KPK Ungkap Nadiem Masuk Calon Tersangka Korupsi Google Cloud

lihat foto
Tersangka kasus dugaan korupsi pengadaan alat TIK berupa laptop Chromebook di Kementerian Pendidikan, Kebudayaan Riset dan Teknologi (Kemendikbudristek) periode 2019–2022, Nadiem Makarim, menyapa awak media di Gedung Jampidsus Kejaksaan Agung, Jakarta, Se
Tersangka kasus dugaan korupsi pengadaan alat TIK berupa laptop Chromebook di Kementerian Pendidikan, Kebudayaan Riset dan Teknologi (Kemendikbudristek) periode 2019–2022, Nadiem Makarim, menyapa awak media di Gedung Jampidsus Kejaksaan Agung, Jakarta, Selasa (14/10/2025). FOTO : ANTARA/Nadia Putri Rahmani/pri.
BorneoFlash.com

, JAKARTA - KPK mengungkap bahwa mantan Mendikbudristek Nadiem Anwar Makarim menjadi salah satu calon tersangka dugaan korupsi pengadaan Google Cloud di Kemendikbudristek, sebelum KPK menyerahkan penanganan kasus tersebut kepada Kejaksaan Agung.

“Ya, yang sama itu NM,” ujar Plt Deputi Penindakan dan Eksekusi KPK Asep Guntur Rahayu di Gedung Merah Putih KPK, Kamis (20/11/2025). Ia menegaskan kembali pernyataan Ketua KPK Setyo Budiyanto bahwa calon tersangka kasus Google Cloud sama dengan tersangka kasus korupsi program digitalisasi pendidikan 2019 – 2022 terkait pengadaan Chromebook yang kini ditangani Kejagung.

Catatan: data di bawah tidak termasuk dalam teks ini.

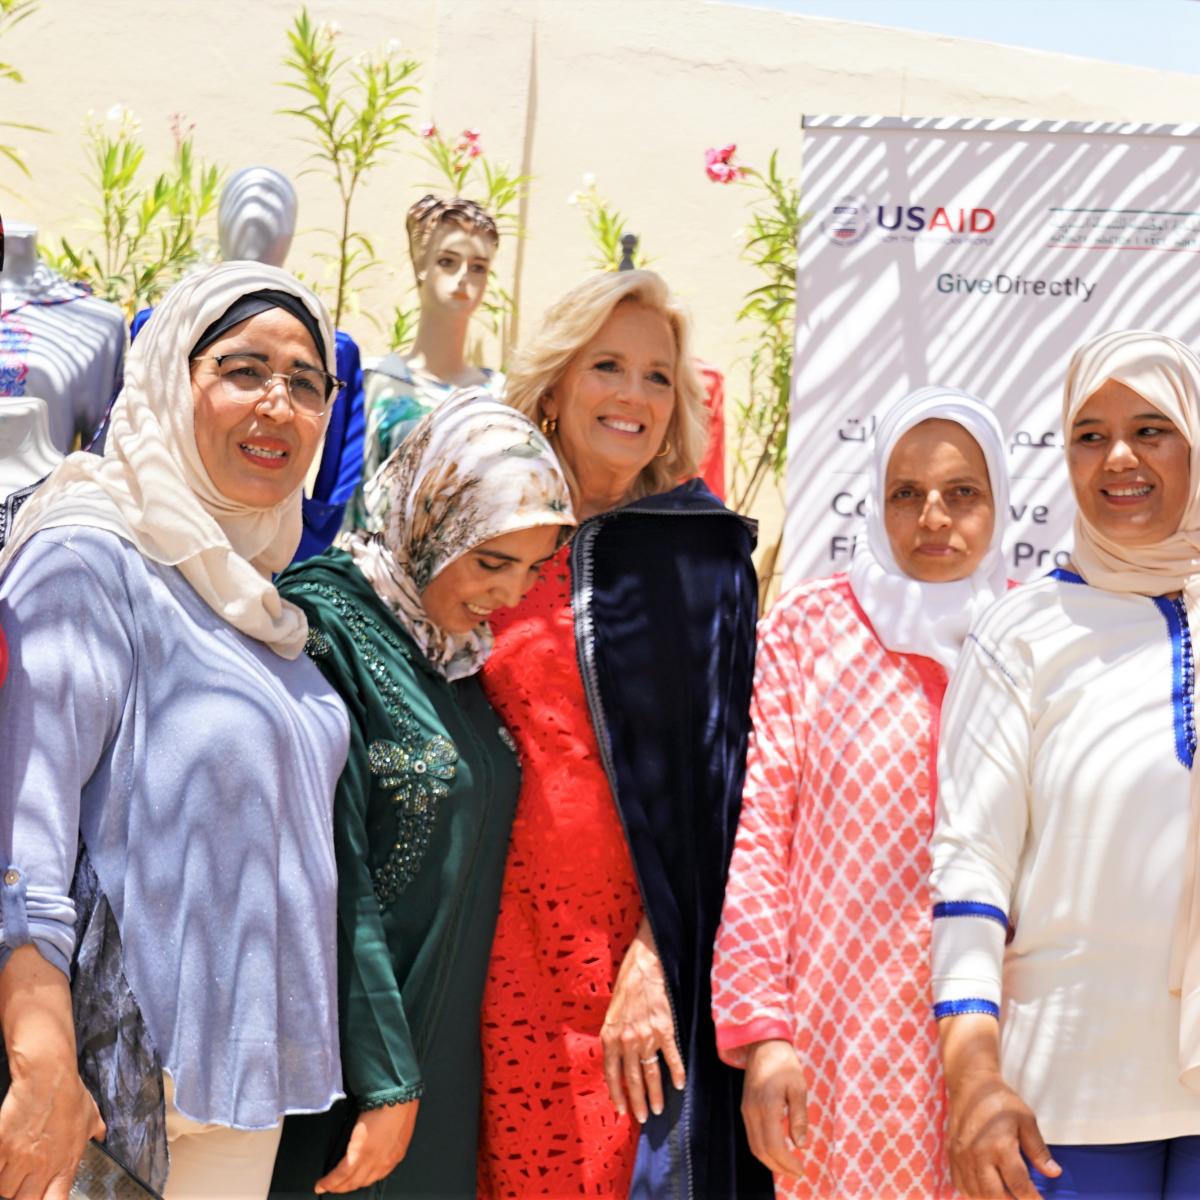 A group of women, mostly hijab-wearing, pose with First Lady Dr. Jill Biden, who is wearing a traditional Moroccan cape that is blue. A USAID project banner is displayed behind them, and it is sunny.

Asep menyebut bahwa selain Nadiem, mantan Staf Khusus Mendikbudristek Jurist Tan juga menjadi calon tersangka. Ia menambahkan bahwa ada calon tersangka lain yang berbeda dari perkara Chromebook. “Ada yang beda, tetapi secara keseluruhannya sama,” ujarnya.

KPK memastikan bahwa penyelidikan dugaan korupsi Google Cloud berbeda dari kasus Chromebook. Pada 7/8/2025, KPK meminta keterangan Nadiem dalam penyelidikan tersebut.

Sementara itu, Kejagung menyidik kasus korupsi program digitalisasi pendidikan 2019 - 2022 terkait pengadaan Chromebook dan menetapkan empat tersangka: Jurist Tan, Ibrahim Arief, Sri Wahyuningsih, dan Mulyatsyah.

Pada 4/9/2025, Kejagung menetapkan Nadiem sebagai tersangka baru dalam kasus Chromebook. Pada 18/11/2025, Ketua KPK Setyo Budiyanto menyatakan bahwa KPK menyerahkan penanganan kasus Google Cloud sepenuhnya kepada Kejagung. (*)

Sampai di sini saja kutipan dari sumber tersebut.